3.1 Concentration and composition of PPCPs in surface water
During the wet season, the total concentrations of the detected PPCPs ranged from 81.26 to 149.45 ng/L (Fig. 2). Nine out of 10 PPCPs were detected in all water samples, including BT, 5-TT, CBT, XT, MP, EP, PP, BP, TCS and TCC. The concentrations of PPCPs detected in all water sites were 14.90–50.30 ng/L for BT, 5.39–36.91 ng/L for 5-TT, 5.93–12.64 ng/L for CBT, 2.13–6.03 ng/L for XT, 1.12–2.51 ng/L for MP, 0.76–2.70 ng/L for PP, 0.77–1.02 ng/L for BP, 0.32–1.29 ng/L for TCC, and 33.03–54.92 ng/L for TCS. Notably, BT and TCS were detected at higher levels compared with other PPCPs, constituting 26.89% and 43.21% of the selected PPCPs in the water phase of QTR, respectively. Additionally, the ZK site exhibited the highest concentration of PPCPs, while other sites featured relatively lower concentration. This observation indicates the potential level of domestic pollution sources in ZK. The highest PPCP concentration at the ZK site can be attributed to the higher 5-TT concentration compared with other sites..

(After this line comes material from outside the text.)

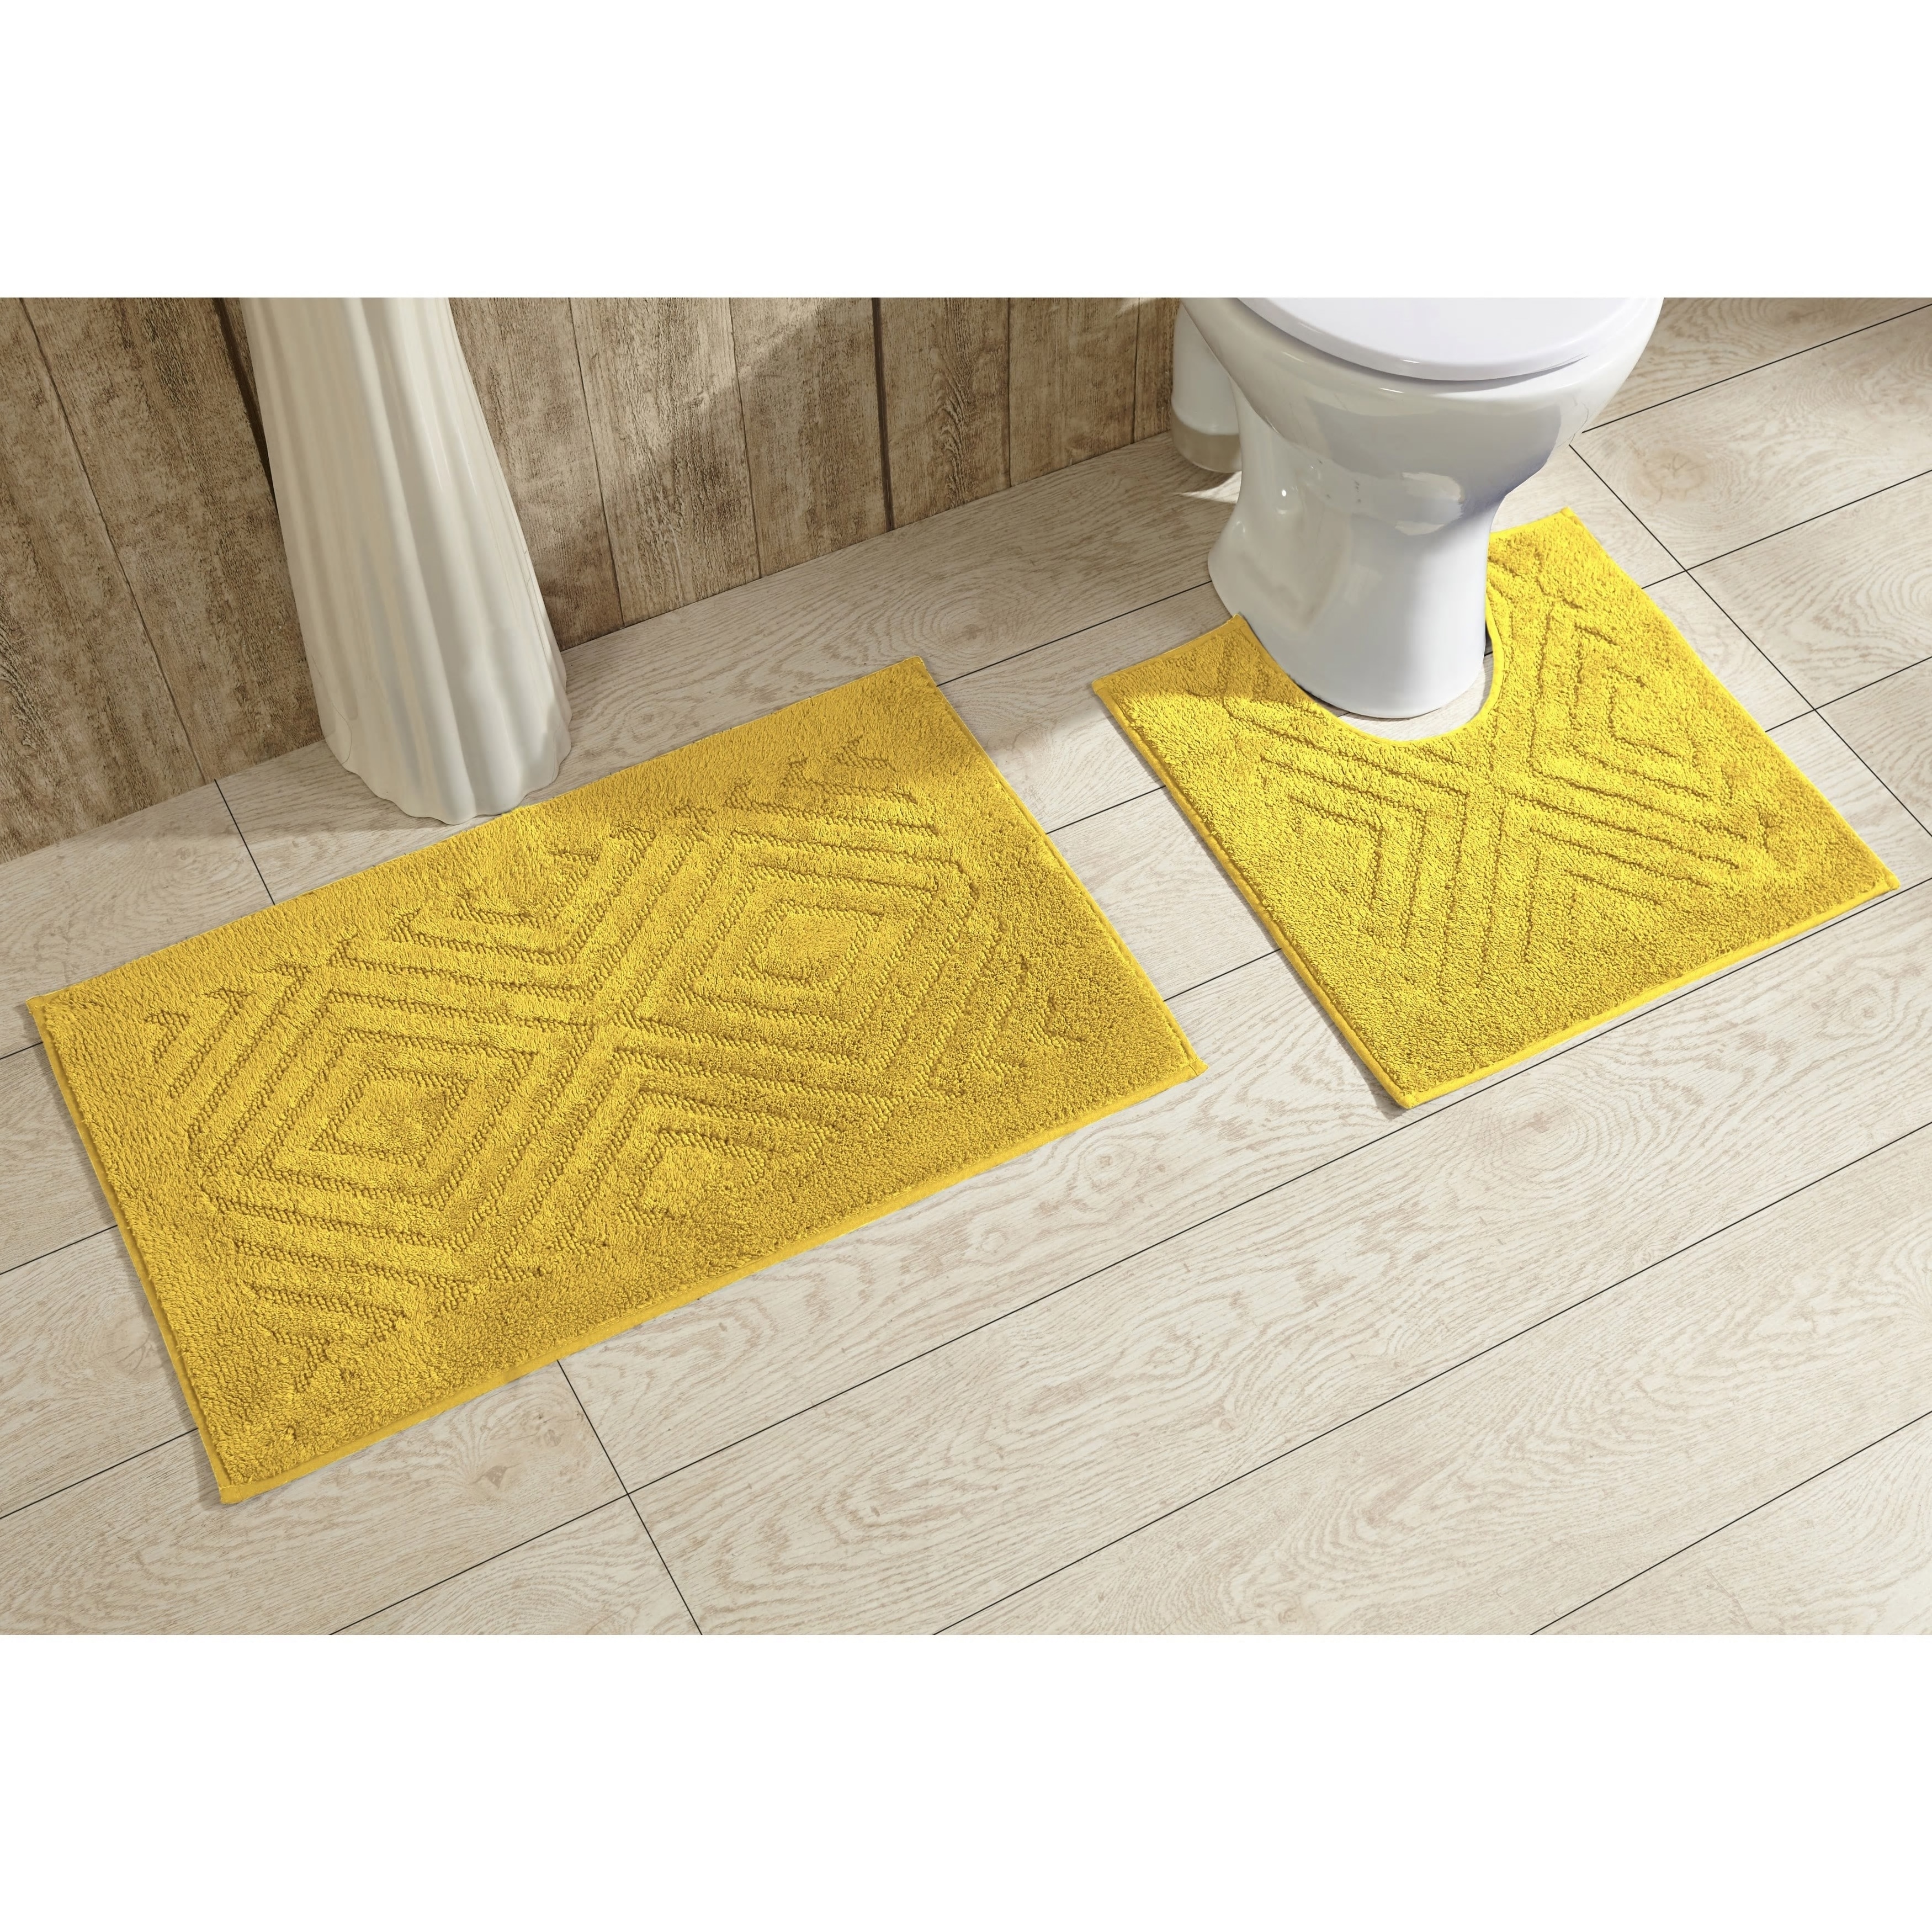 https://ak1.ostkcdn.com/images/products/is/images/direct/ce66f58ea73e2abfceb3489c14088da2c67fbce6/Trier-Cotton-Non-skid-2-piece-Contour-and-Bath-Rug-Set-by-Better-Trends.jpg

Figure 2 illustrates the concentrations of PPCPs in the dry season. The total concentrations of the detected PPCPs detected in the dry season ranged from 98.66 to 198.55 ng/L, which exceeded those in the wet season, consist with the findings of a previous study27. Particularly, the concentrations of the detected PPCPs were 17.96–47.45 ng/L for BT, 8.54–31.51 ng/L for 5-TT, 7.89–14.79 ng/L for CBT, 3.68–13.91 ng/L for XT, 2.05–2.80 ng/L for MP, 1.49–2.16 ng/L for PP, 1.78–2.67 ng/L for BP, 3.12–8.56 ng/L for TCC, and 50.12–79.21 ng/L for TCS. BT and TCS were identified as the main contributors to PPCPs during the dry season. Notably, the higher concentrations of PPCPs detected in the dry season compared with the wet season were mainly attributed to the increased levels of TCS and TCC. Moreover, among PPCPs detected in the dry season, the ZTJ site exhibited the highest concentration, which differed from the pattern observed during the wet season. Previous studies28 have indicated that the concentration of PPCPs decreased from upstream to downstream in the surface water. However, PPCPs in QTR exhibited the opposite trend owing to the presence of WWTP located between the QB and ZTJ site. Furthermore, no significant differences were observed between the left, middle, and right banks of QTR during both wet and dry seasons.
A comparison of the concentration of PPCPs in QTR with those in other surface waters revealed that BT, CBT, TCS, TCC, and MP exhibited lower concentrations in QTR, compared with the Pearl River Delta of China5. Additionally, the highest TCS concentration was lower in QTR than that in the River Ganges of India29. Furthermore, QTR exhibited significantly lower concentration of PBs than the Yellow River and Huai River30. In comparison, QTR featured lower PPCPs concentration than many other rivers in China and worldwide.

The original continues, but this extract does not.